Витте, разумеется, шутил, но Куропаткину было не до шуток.
Началась полоса сплошных неудач. Заперев русскую армию в Порт-Артуре, японцы беспрепятственно высадились на материк. Японская армия Куроки вышла на реку Ялу и ударила по восточному авангарду генерала Засулича под Тюренченом. Русские понесли огромные потери — свыше 2700 человек. И неудивительно: у японцев оказалось пятикратное превосходство в силах.
Затем снова начались разногласия. Алексеев требовал удара по армии Оку, которая выдвинулась к южноманьчжурской железной дороге с целью деблокировать Порт-Артур. Куропаткин же решил предоставить крепость собственной участи — до подхода подкреплений из Центральной России. Телеграммы десятками летели в Петербург. Царь стал на сторону Алексеева. Завязался ожесточённый бой у Вафангоу, закончившийся поражением из-за размытых дорог, плохого снабжения боеприпасами. Кроме того, армия была сильно обескровлена и утомлена.
Двадцать второго июля Куропаткин решил нанести удар по армии Куроки, пополнив свои силы двумя корпусами, прибывшими из России. Казалось, наступление развивается успешно. Когда Оку атаковал войска генерала Зарубаева, русские отбили все атаки японцев. Настроение у русских было приподнятое, однако в ночь на 25 июля Зарубаев отдал странный приказ отступать к Хайчену. Алексеев поспешил наябедничать царю: «Ничем не оправданное отступление...»
Куропаткин между тем приказал армии сосредоточиться у Ляояна, заявив во всеуслышание: «От Ляояна я не уйду». Вскоре началось наступление трёх армий японцев на передовые ляоянские позиции. Бой длился двое суток. Продержись русские ещё немного, и они разрезали бы армию Куроки надвое и, естественно, добились бы успеха. Но в ночь на 1 сентября Куропаткин... отводит свою армию на главные позиции к реке Шахо. Цена сражения: русские потеряли 18 тысяч, японцы — свыше двадцати трёх.
В начале октября Куропаткин всё же решил перейти в новое наступление. В своём приказе по войскам он выглядел весьма решительным:
«Пришло для нас время заставить японцев повиноваться нашей воле, ибо силы Маньчжурской армии стали достаточны для перехода в наступление». В войсках этот приказ восприняли на «ура».

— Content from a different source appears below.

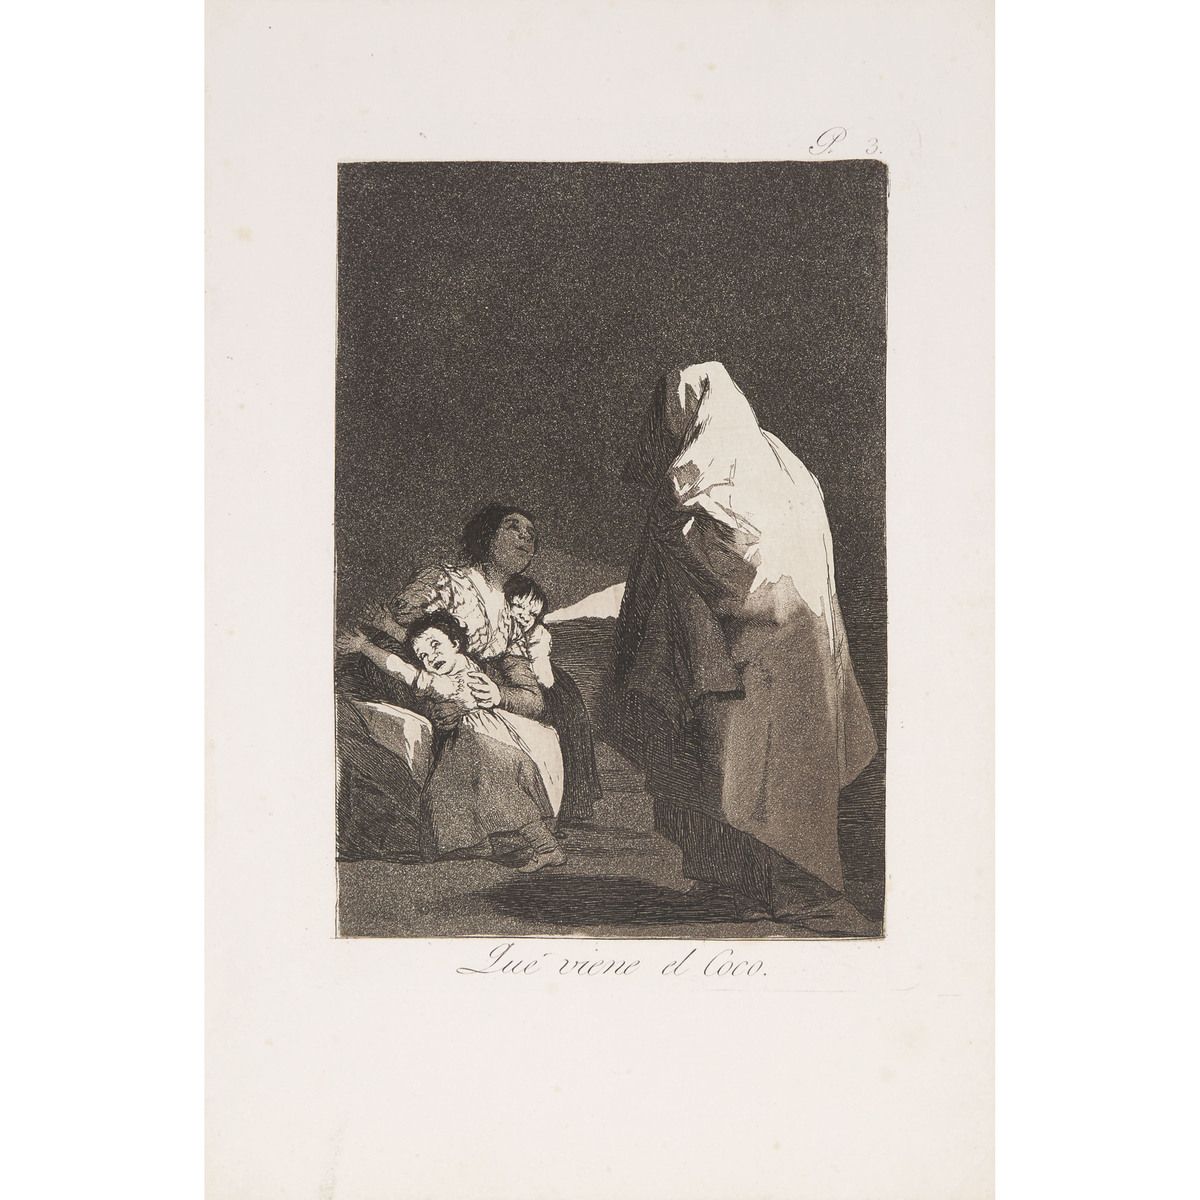 Francisco José de Goya y Lucientes (1746-1828), LOS CAPRICHOS, CA. 1855-1878 [D. 40-111; H. 38-109], - Image 3 of 55

Наступление началось удачно. Передовые части японцев были разбиты, отряд генерала Ренненкампфа обошёл фланг Куроки по долине реки Тайцзэхе. И снова началась «куропатковщина»: вместо стремительного безостановочного движения — преступная медлительность. Начались кровопролитные бои в горах. Атаки на крутые сопки не приносили успеха. Японский маршал Ойяма перешёл в наступление и ударил в центр Западного отряда русских. Прорыв не удался, однако японцы отвлекли на себя почти все резервы Куропаткина. Как и следовало ожидать, наступление Восточного отряда захлебнулось: вместо того чтобы контратаковать на равнине, русские полезли в горы. Отсюда — громадные потери. Русские сражались доблестно. Бригада 5-й Сибирской дивизии генерала Путилова вела отчаянный бой на сопке, потеряв много офицеров и солдат убитыми и ранеными, но сопку отстояла. Тут же, на сопке, были похоронены и японцы — полторы тысячи трупов. Сопку стали именовать «Путиловской». Так закончилось сражение, получившее название Шахэйского...
...Антон Иванович подсек окуня, опустил его в ведёрко, закинул удочку и снова погрузился в далёкое прошлое, в фанзу, где размещался штаб генерала Ренненкампфа.

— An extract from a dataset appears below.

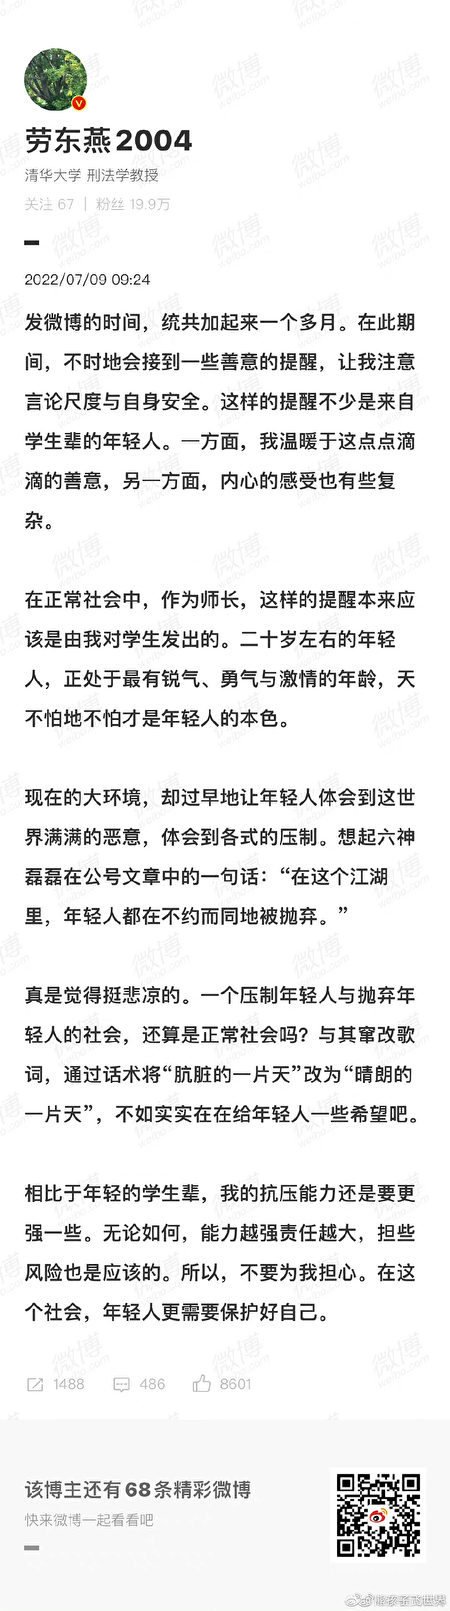 清華法學教授吁追究河南打人者 博文被強制屏蔽

Забайкальская казачья дивизия, которой командовал Ренненкампф, располагалась в горном массиве, солдаты и офицеры жили в землянках и фанзах. Быт — самый неприхотливый. Землянки представляли собой обычные ямы в аршин глубиной, крыша покрыта соломой и засыпана слоем земли. Потолок, пол, двери — всё из гаоляна[20]. Весь день в землянке дымится примитивный камин, сложенный из камней. Труба над крышей сложена из банок от керосина. В таких условиях жили и осенью, и зимой, даже когда грянули двадцатипятиградусные морозы.
Трудностей было хоть отбавляй: в горах полное бездорожье, не хватало продовольствия, особенно хлеба, сами пекли лепёшки. Выручало обилие местного скота, мяса было вдоволь. Офицерский стол почти не отличался от солдатского.
Удобств в полевом штабе — никаких. Ни пишущей машинки, ни ротатора, лишь карманные полевые книжки. Но настрой — боевой.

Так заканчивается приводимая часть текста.